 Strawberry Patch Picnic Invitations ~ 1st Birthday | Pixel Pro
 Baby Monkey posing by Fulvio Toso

* * *

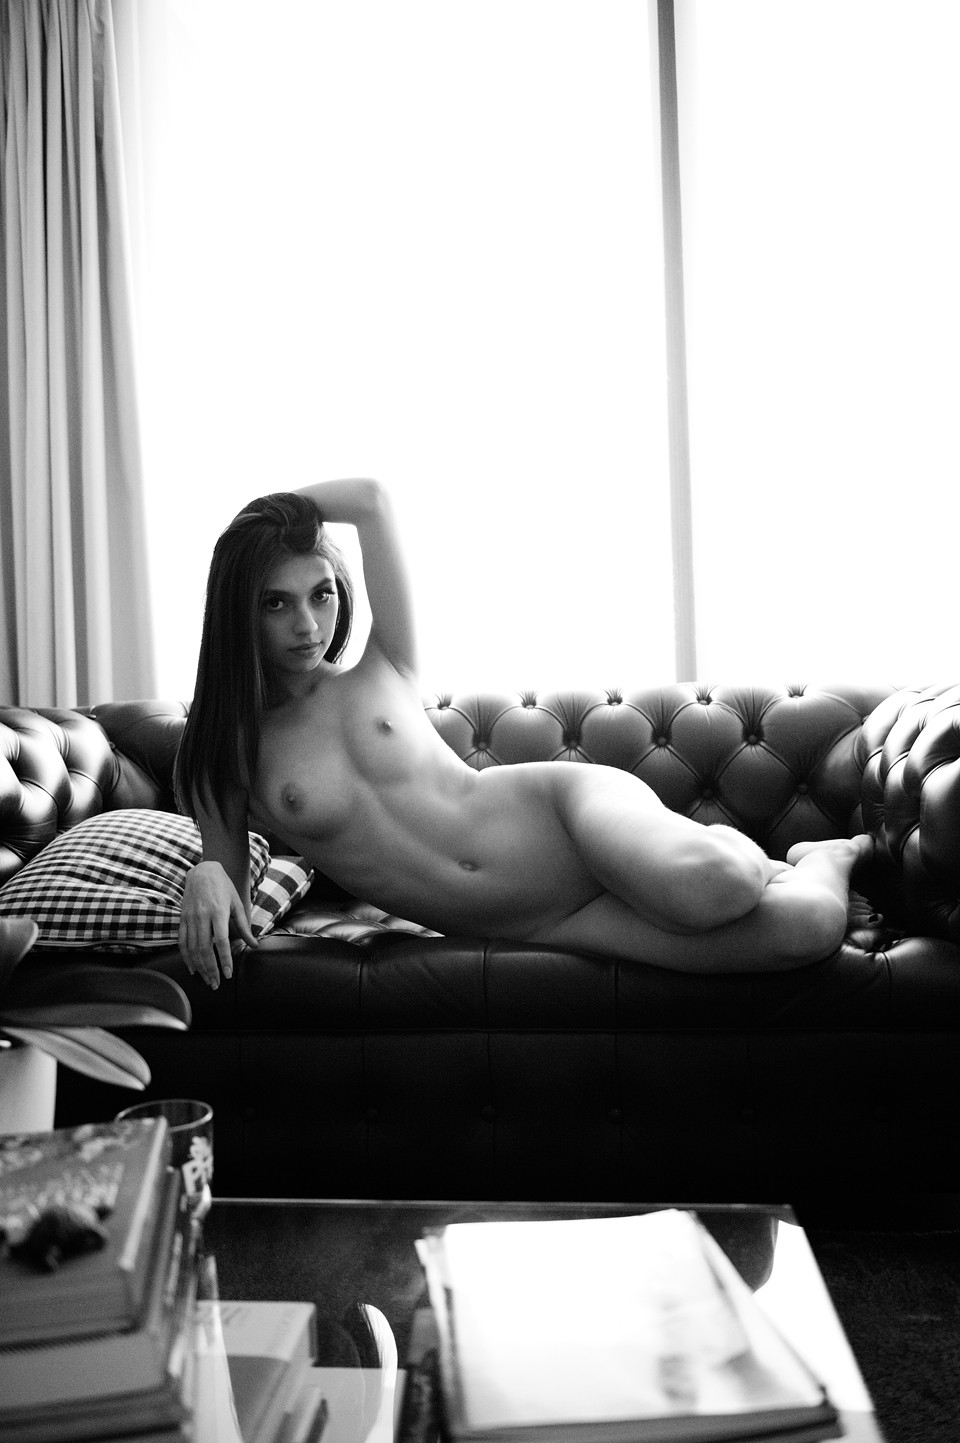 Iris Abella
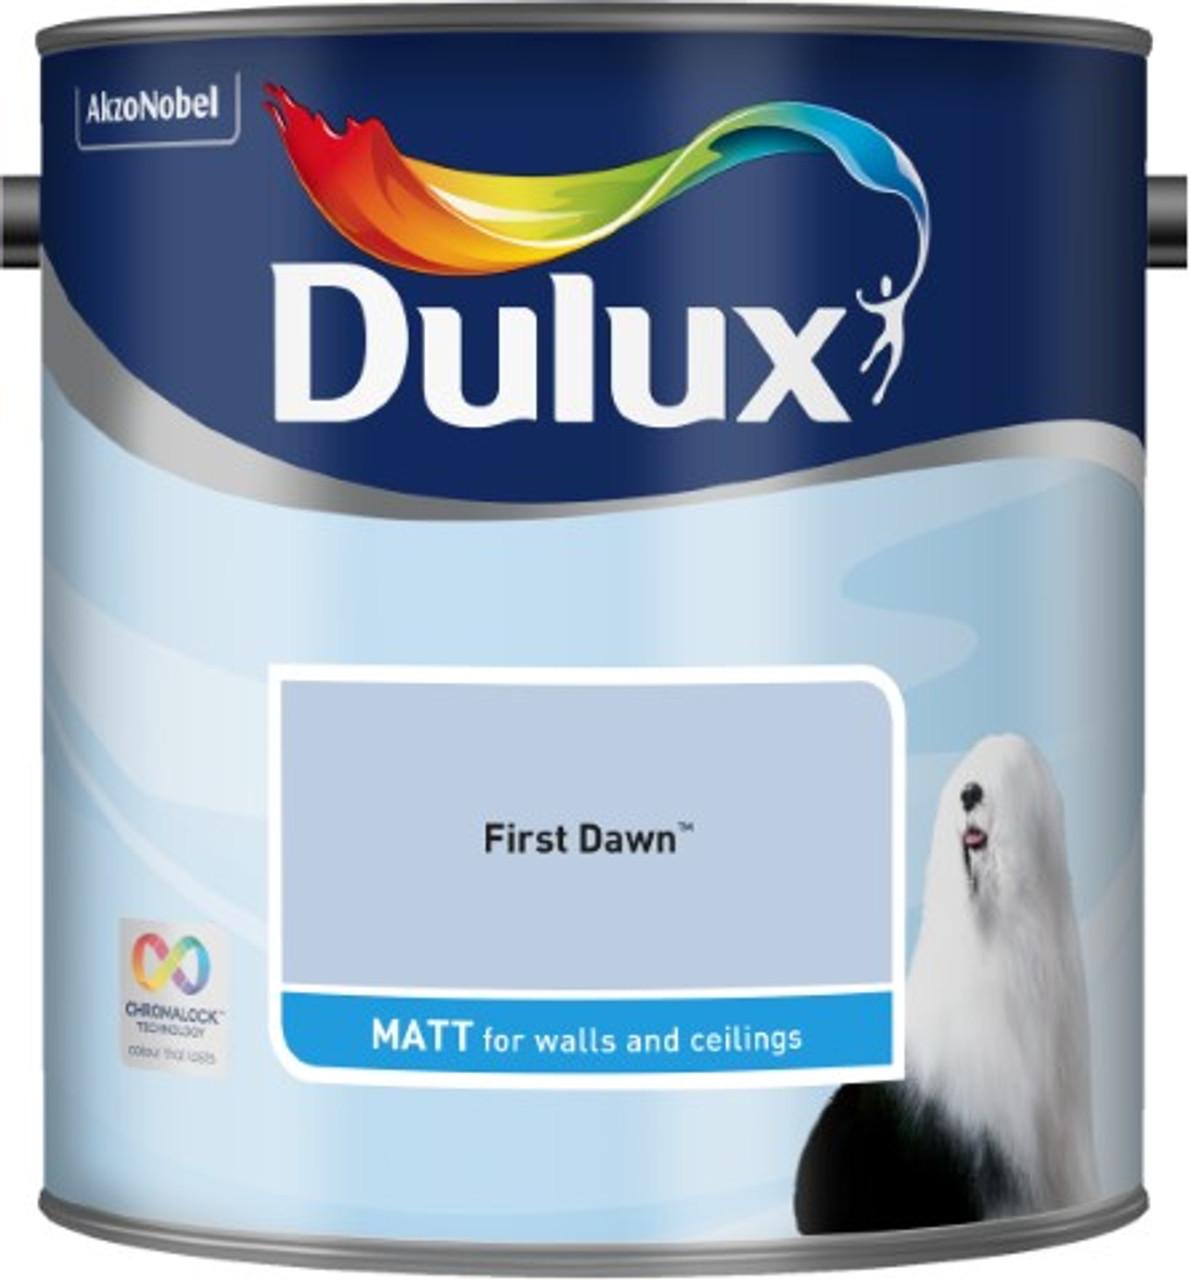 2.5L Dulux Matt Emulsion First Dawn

* * *

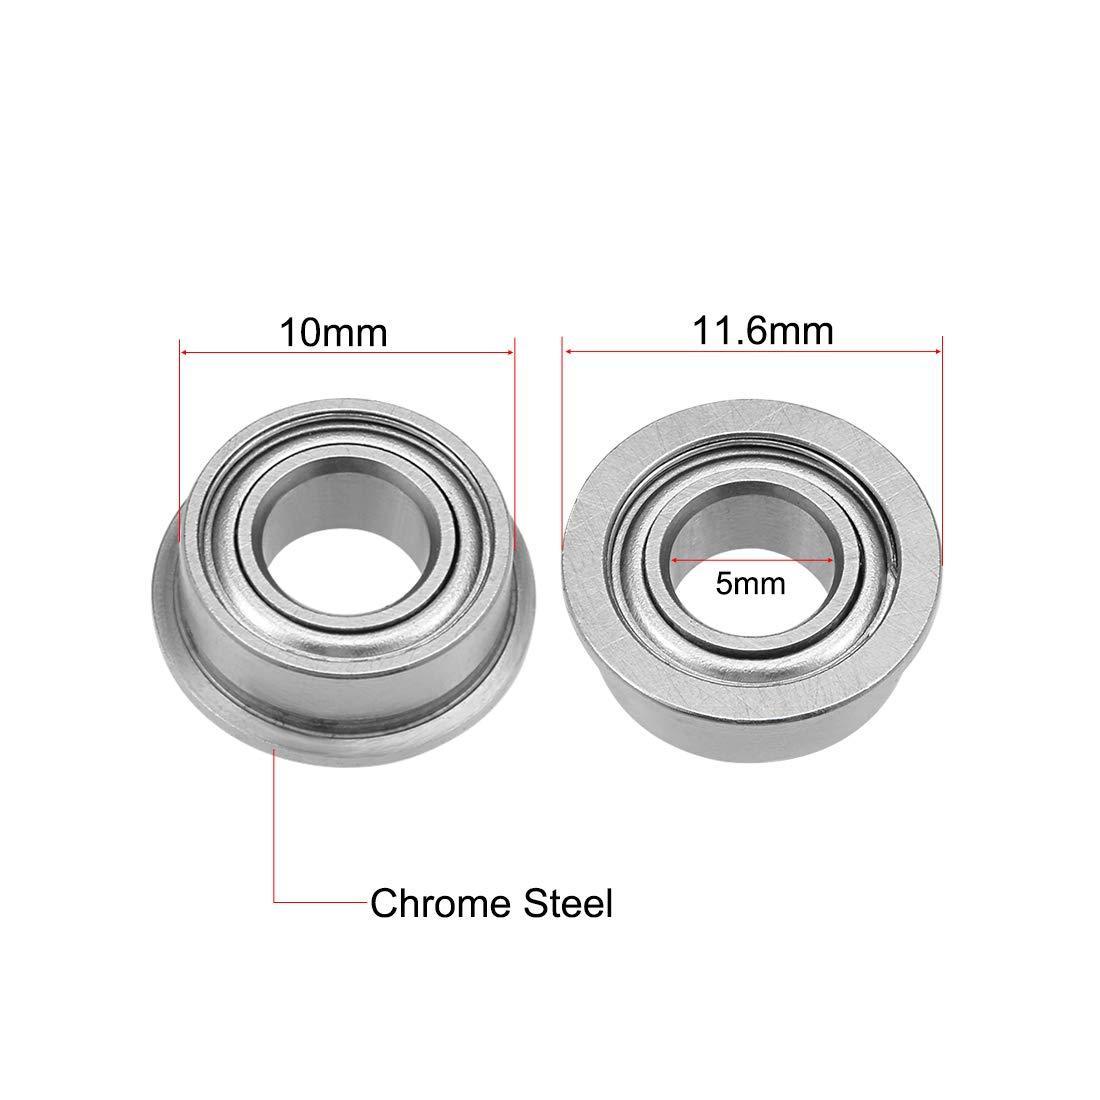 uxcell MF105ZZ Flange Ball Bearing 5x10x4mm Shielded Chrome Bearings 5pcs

◆ What you will do
Please give an exact copy of the entries above, from the line with "Strawberry Patch Picnic" down to the line with "Baby Monkey posing by Fulvio Toso", inclusive, and nothing else.

◆ Answer to this problem
 Strawberry Patch Picnic Invitations ~ 1st Birthday | Pixel Pro
 Baby Monkey posing by Fulvio Toso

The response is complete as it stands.